Federated Variational Inference for Bayesian Mixture Models
Jackie Rao, Francesca L. Crowe, Tom Marshall, Sylvia Richardson, Paul D. W. Kirk
TL;DR
This work addresses scalable, privacy-preserving clustering of large binary and categorical datasets in a federated setting. It introduces FedMerDel, a one-shot federated variational algorithm that performs local merge/delete moves (MerDel) within data batches and then a principled global merge across batches using the ELBO objective, without sharing raw data.
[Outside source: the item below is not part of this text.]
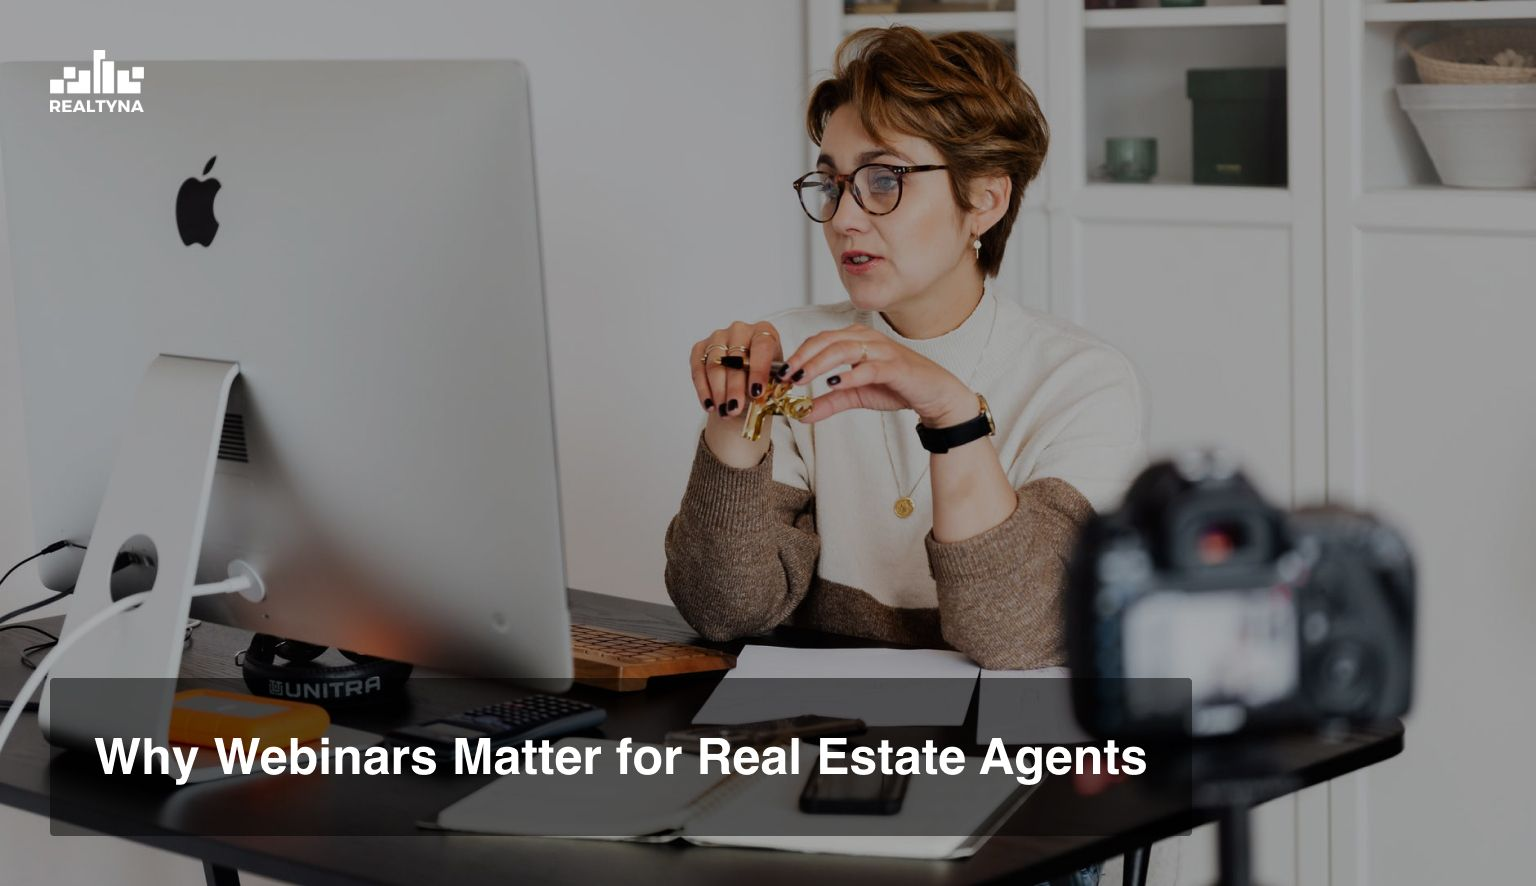 Real estate webinars

Empirical results on simulations, MNIST, and THIN EHR data show FedMerDel achieves clustering accuracy close to centralized methods while offering substantial speedups and robustness to batch heterogeneity, with a viable variable selection extension for noisy features. The approach has practical impact for population-level disease clustering and multimorbidity analysis in healthcare, enabling scalable, privacy-aware analysis across institutions.
Abstract
We present a federated learning approach for Bayesian model-based clustering of large-scale binary and categorical datasets. We introduce a principled 'divide and conquer' inference procedure using variational inference with local merge and delete moves within batches of the data in parallel, followed by 'global' merge moves across batches to find global clustering structures. We show that these merge moves require only summaries of the data in each batch, enabling federated learning across local nodes without requiring the full dataset to be shared. Empirical results on simulated and benchmark datasets demonstrate that our method performs well in comparison to existing clustering algorithms. We validate the practical utility of the method by applying it to large scale electronic health record (EHR) data.